*WORK ITEM*.
Beginning with the line where "BOTÃO DE CAMISA" appears, restate each line word for word until the data ends. Pictures do not go in.

*SUPPLIED INFORMATION*.
........

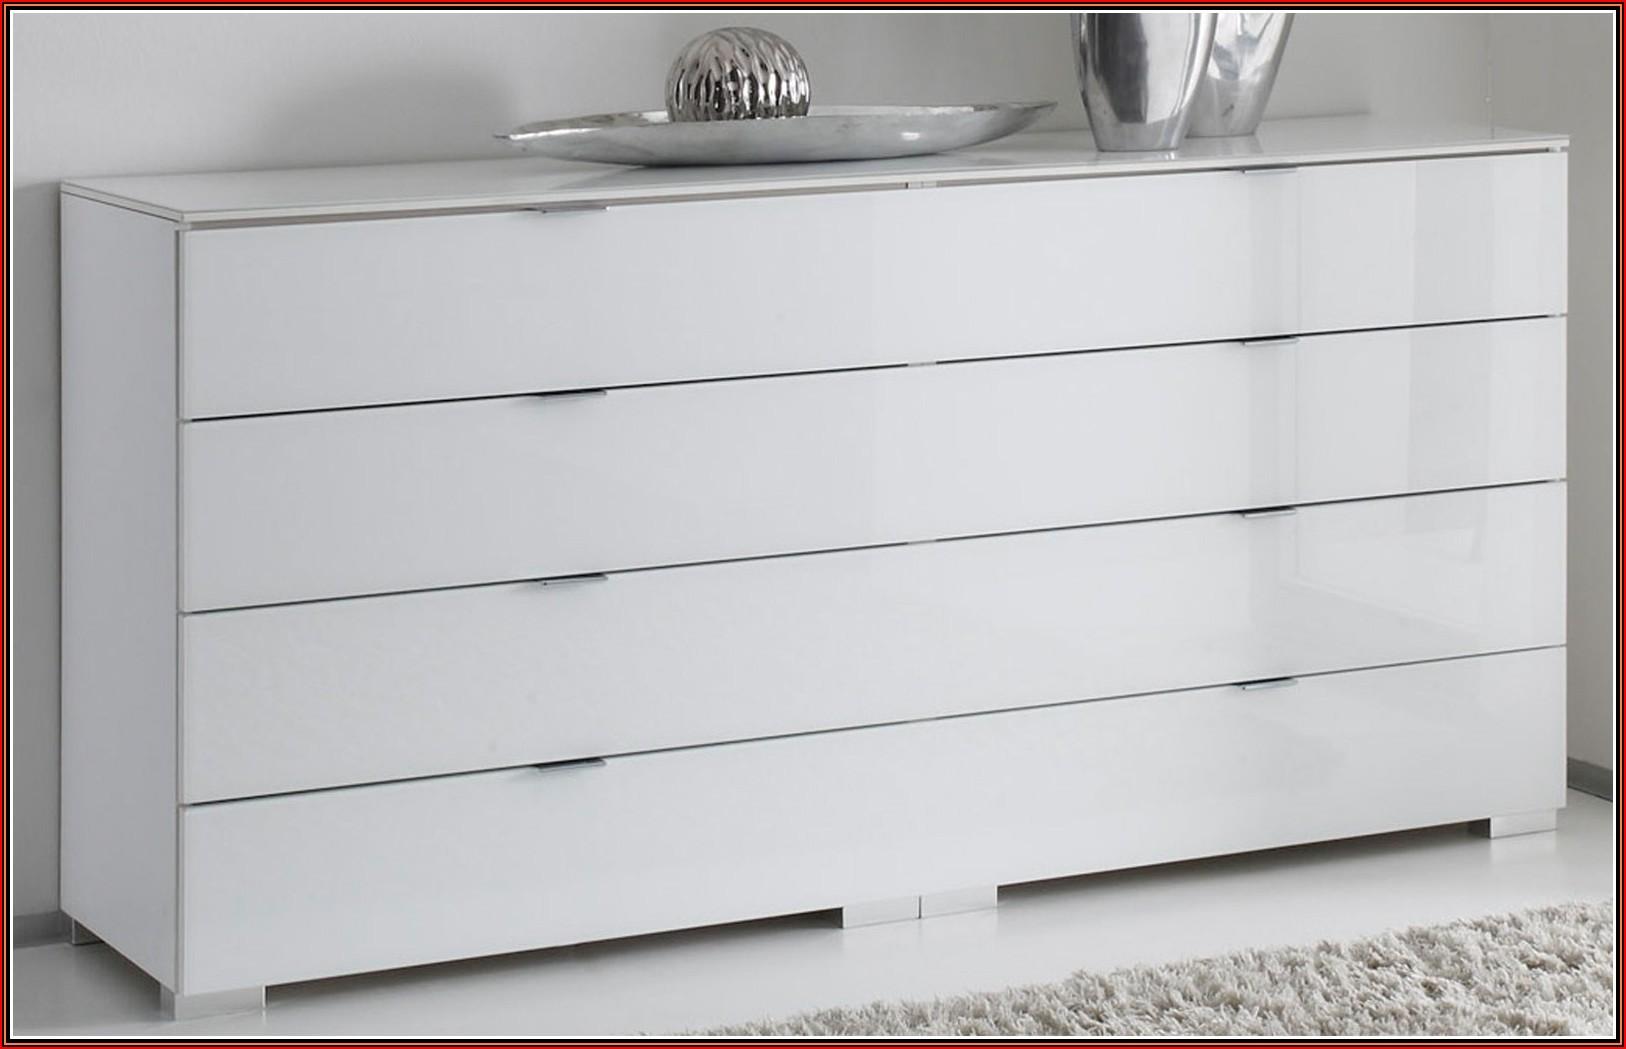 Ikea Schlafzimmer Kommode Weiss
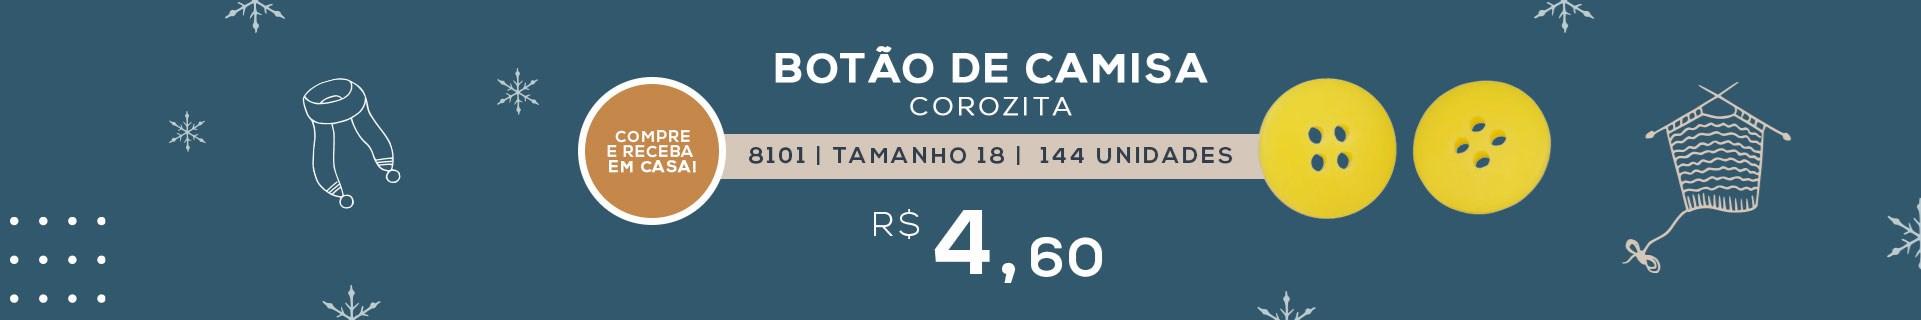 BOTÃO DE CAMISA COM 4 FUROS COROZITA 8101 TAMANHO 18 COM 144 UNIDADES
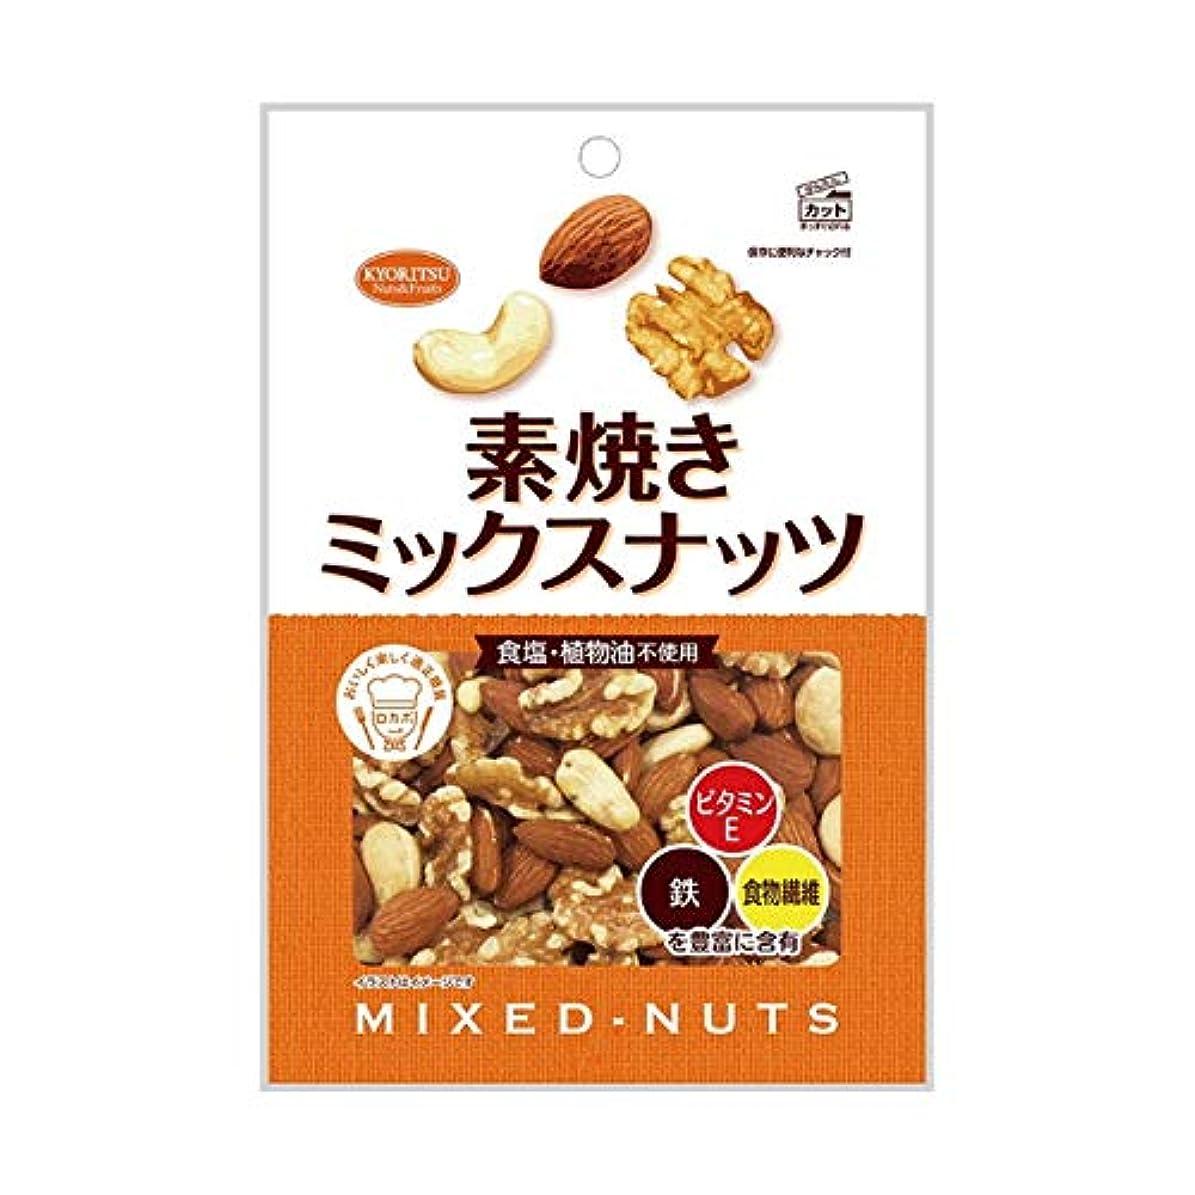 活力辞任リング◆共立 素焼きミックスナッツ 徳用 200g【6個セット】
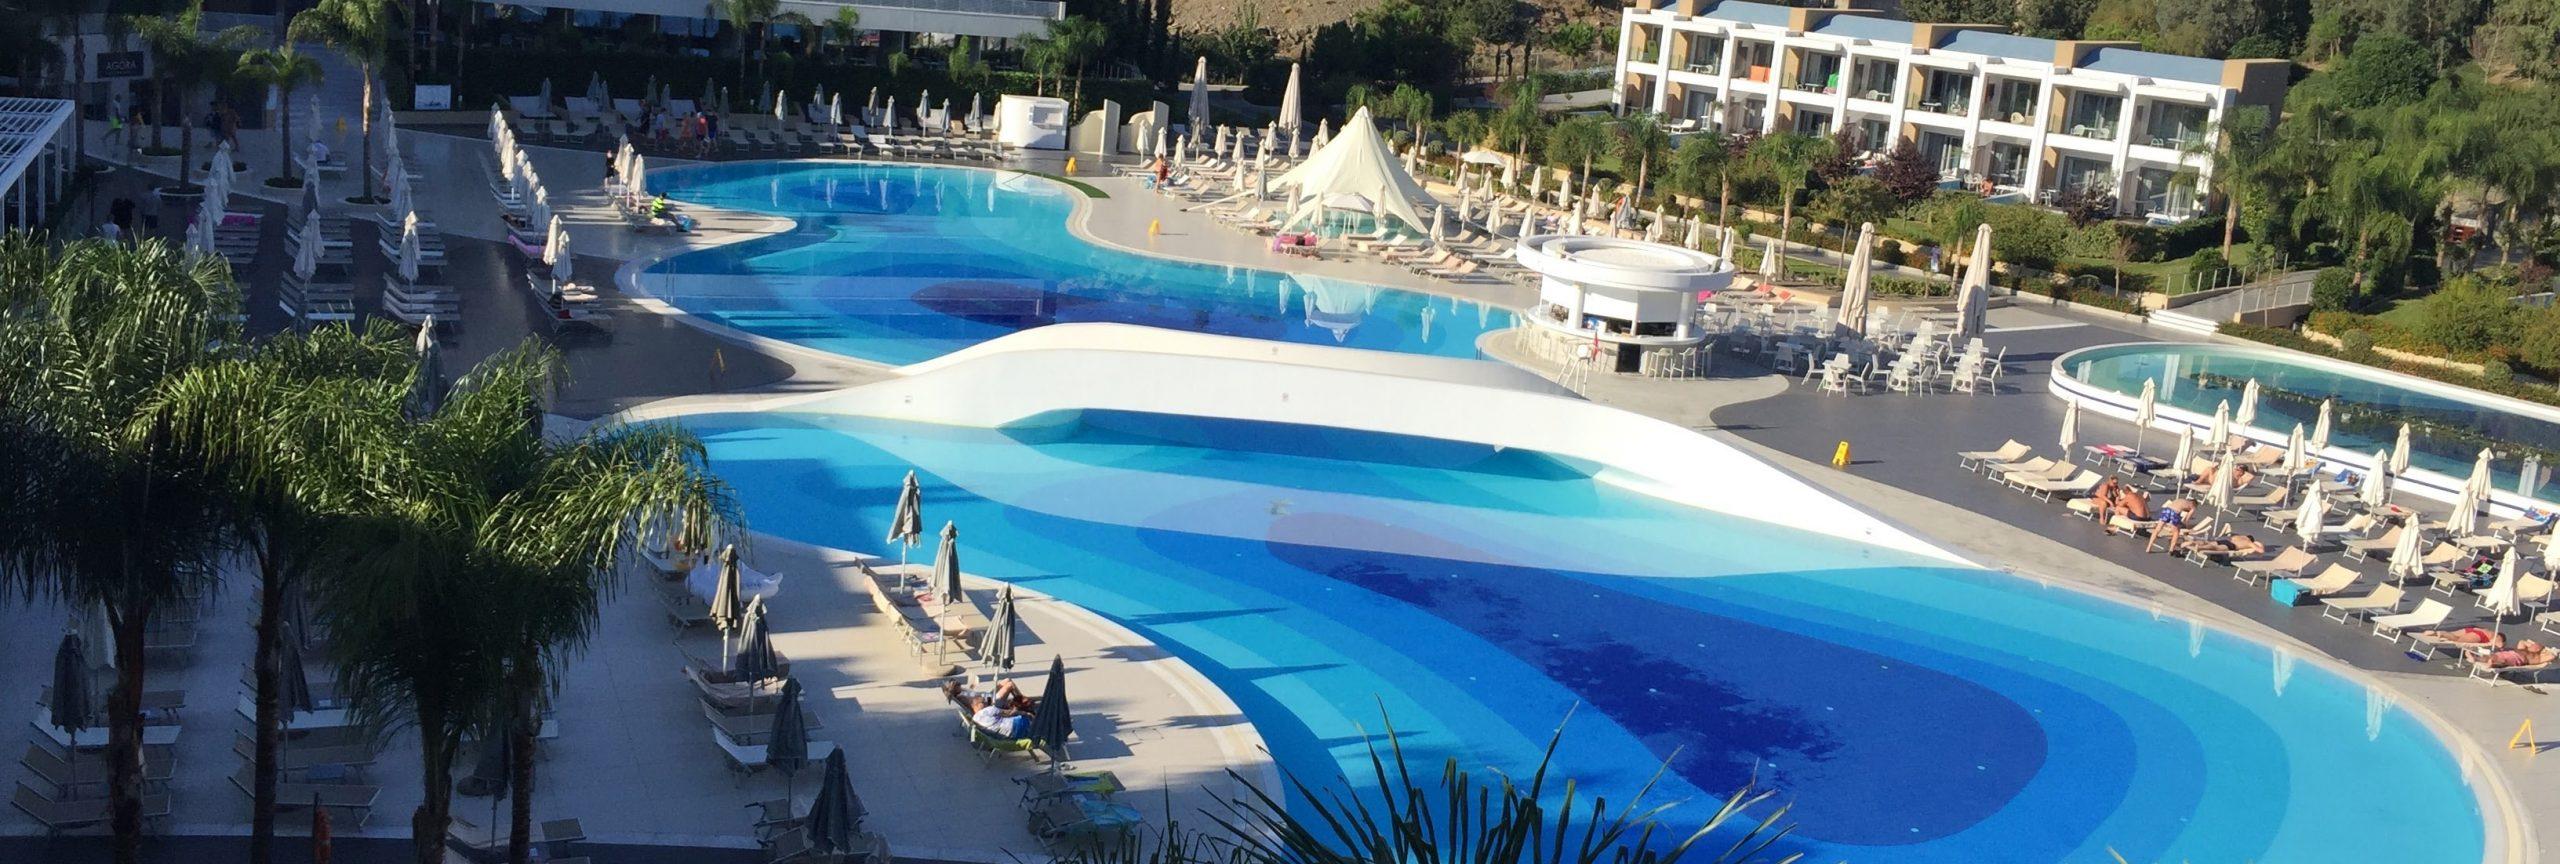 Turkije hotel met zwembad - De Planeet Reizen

........

*YOUR SOLUTION*.
 BOTÃO DE CAMISA COM 4 FUROS COROZITA 8101 TAMANHO 18 COM 144 UNIDADES
 活力辞任リング◆共立 素焼きミックスナッツ 徳用 200g【6個セット】
 Turkije hotel met zwembad - De Planeet Reizen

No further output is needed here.